▶ [Task item]:
Write out an exact copy of the line containing "Portrait of a" and all lines that follow it in the data below, leaving out pictures.

▶ [Input data]:
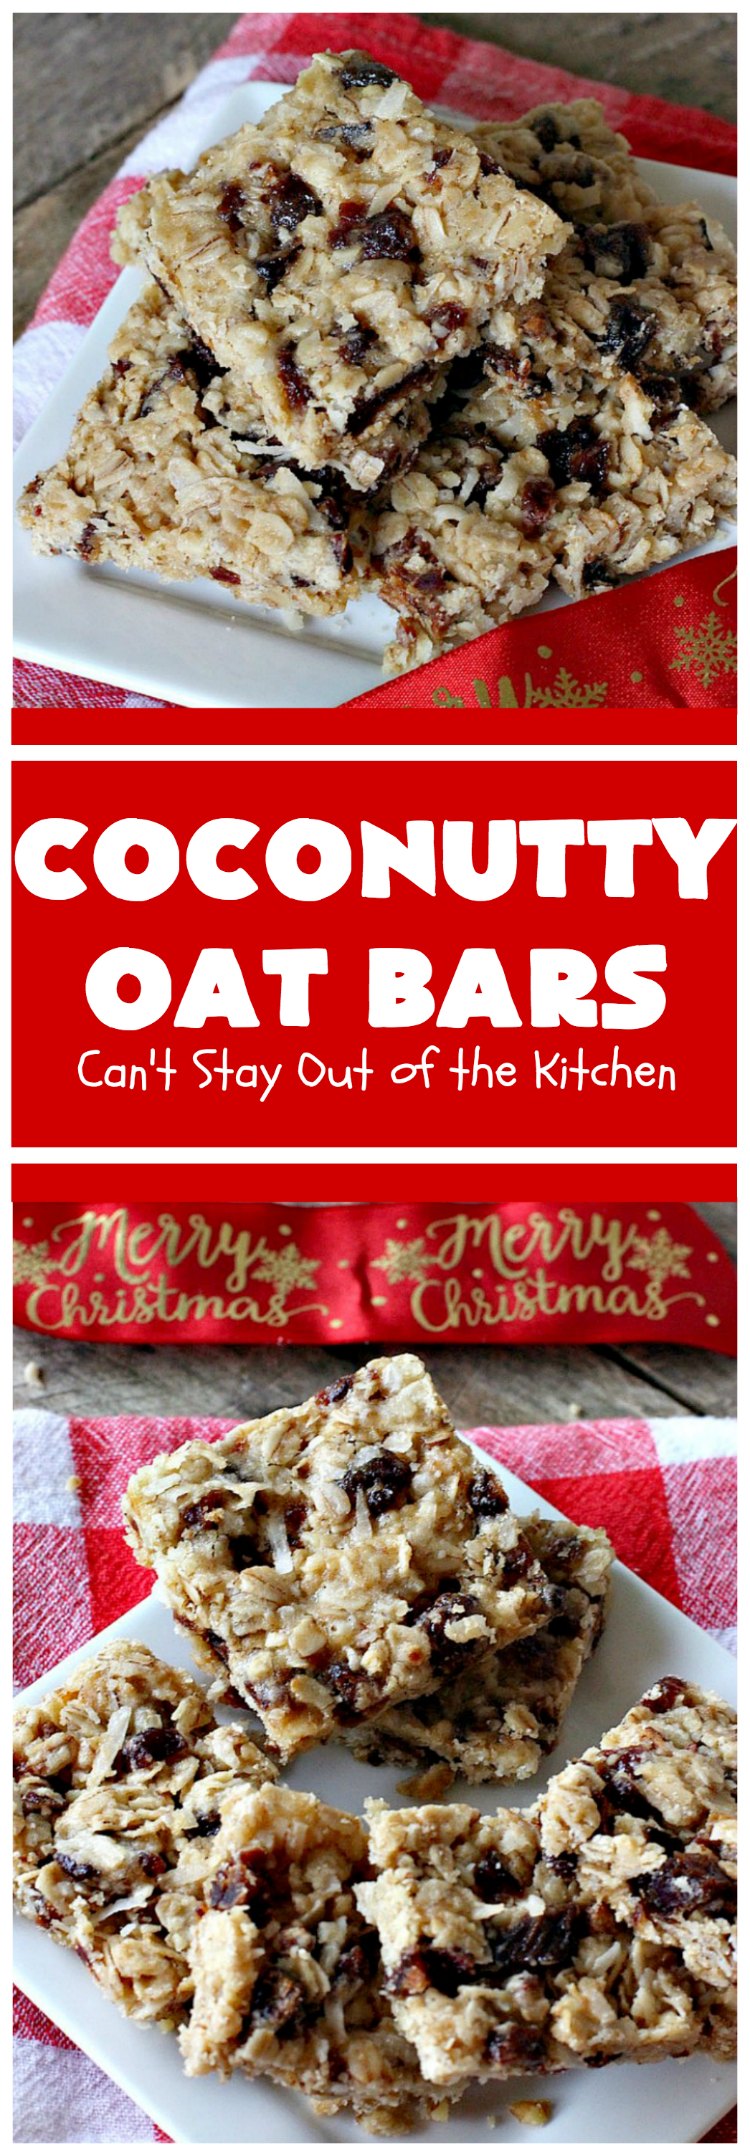 Coconutty Oat Bars | Can't Stay Out of the Kitchen | these heavenly bar-type #cookies are filled with #dates, #coconut, #oatmeal & #pecans. They're deliciously chewy & wonderful for #holiday or #tailgating parties. #dessert #CoconutDessert #HolidayDessert #ChristmasCookieExchange 
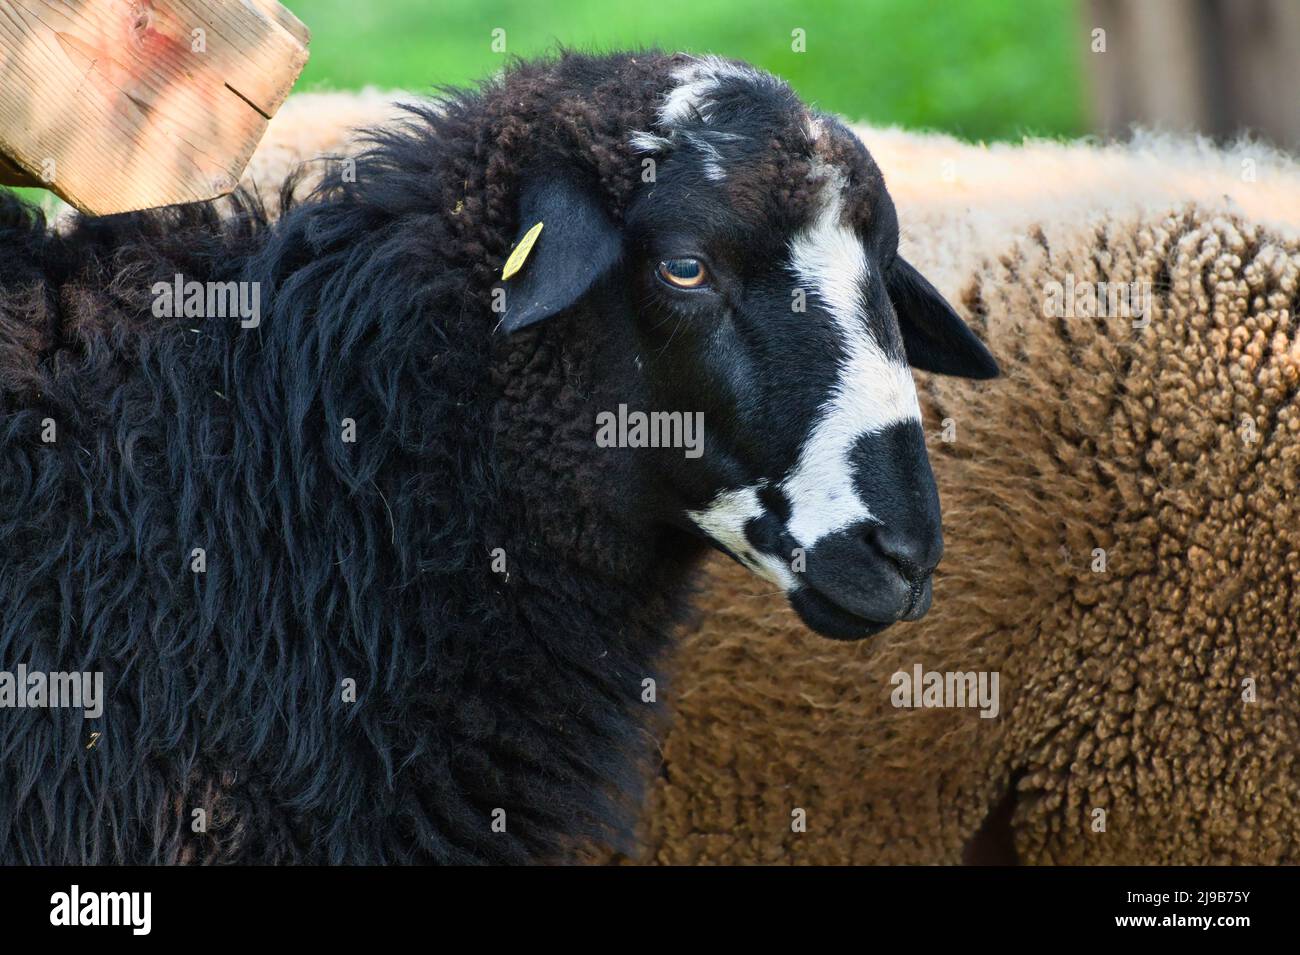 Portrait of a cute black sheep with white markings. Stock Photo
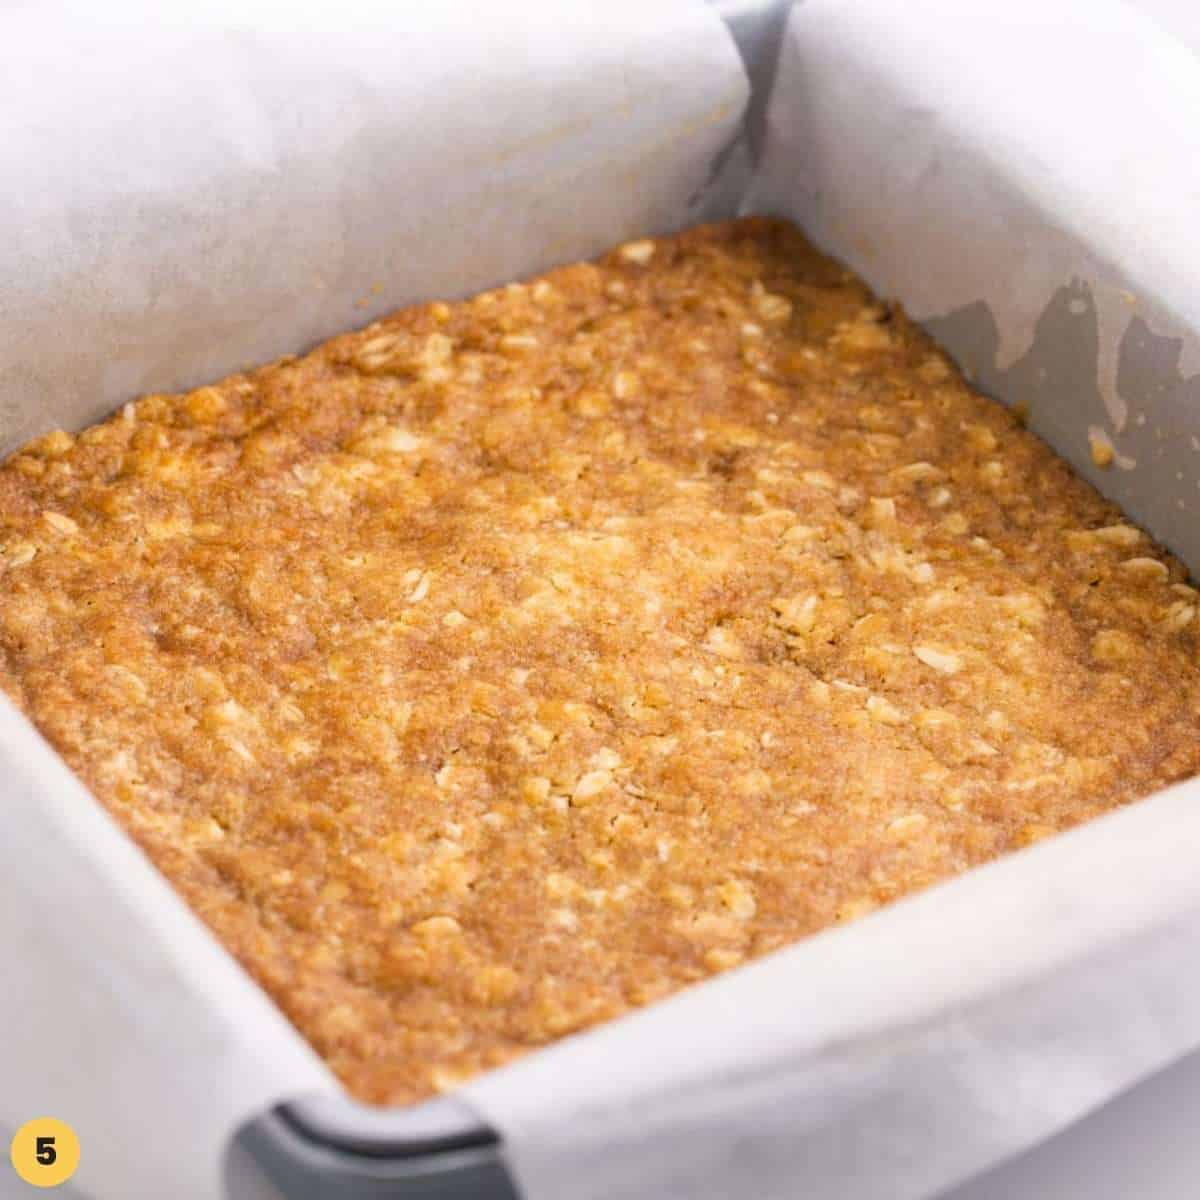 baked carmelitas oatmeal bars before the caramel and chocolate are added.

▶ [Written response]:
 Portrait of a cute black sheep with white markings. Stock Photo
 baked carmelitas oatmeal bars before the caramel and chocolate are added.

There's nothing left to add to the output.